The gradient and Hessian of this objective function involve
integrals over the intersection between a Laguerre diagram and the
tetrahedral mesh that supports the input source piecewise linear
density. I will present an efficient algorithm to compute these
integrals, as well as its use by a Newton-type solver
[Kitagawa,Merigot,Thibert], and some applications in fluid
dynamics [Gallouet Merigot].

Coffee break

*11h00-11h45: **A.
Gramfort. **Optimal
transport for statistics problem in neuroimaging.*
Abstract

*
*

Knowing how the Human brain is anatomically and functionally
organized at the level of a group of healthy individuals or
patients is the primary goal of neuroimaging research. Yet a
number of statistical challenges emerge when processing
functional brain imaging data such as functional MRI (fMRI),
electroencephalography (EEG) or magnetoencephalography (MEG).

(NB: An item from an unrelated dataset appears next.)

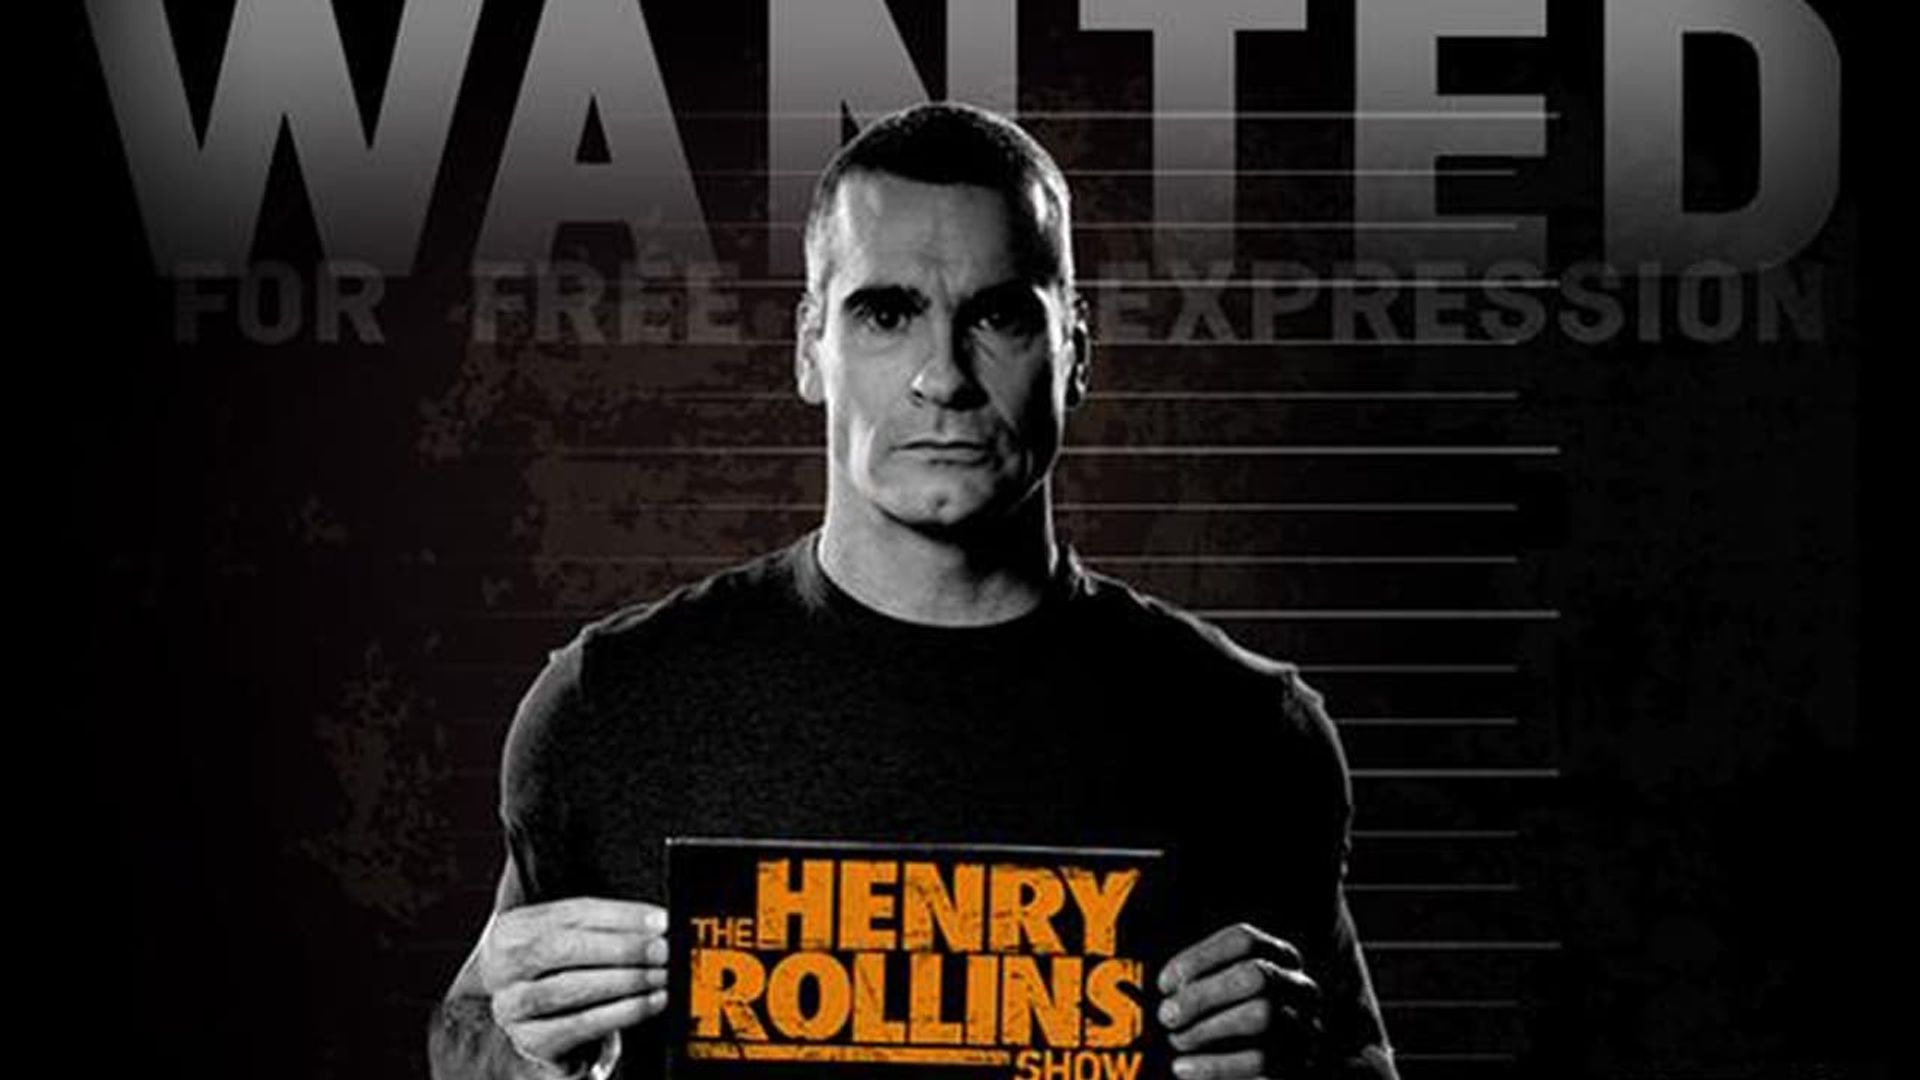 The Henry Rollins Show background

One of them is computing an average of brain imaging data
defined over a voxel grid or a triangulation in order to
estimate a prototypical brain activation map for the
population. The problem is that data are large, the geometry
of the brain is complex and the between subjects variability
leads to spatially or temporally non-overlapping activation
foci. To address the problem of variability, data are commonly
smoothed before averaging, but this goes against the objective
of brain research to achieve better spatiotemporal resolution.
In this talk, I will show how using optimal transport and
Wasserstein barycenters one can average fMRI and MEG brain
activations without blurring the results. A specifity of the
approach is to be able to handle non-normalized data.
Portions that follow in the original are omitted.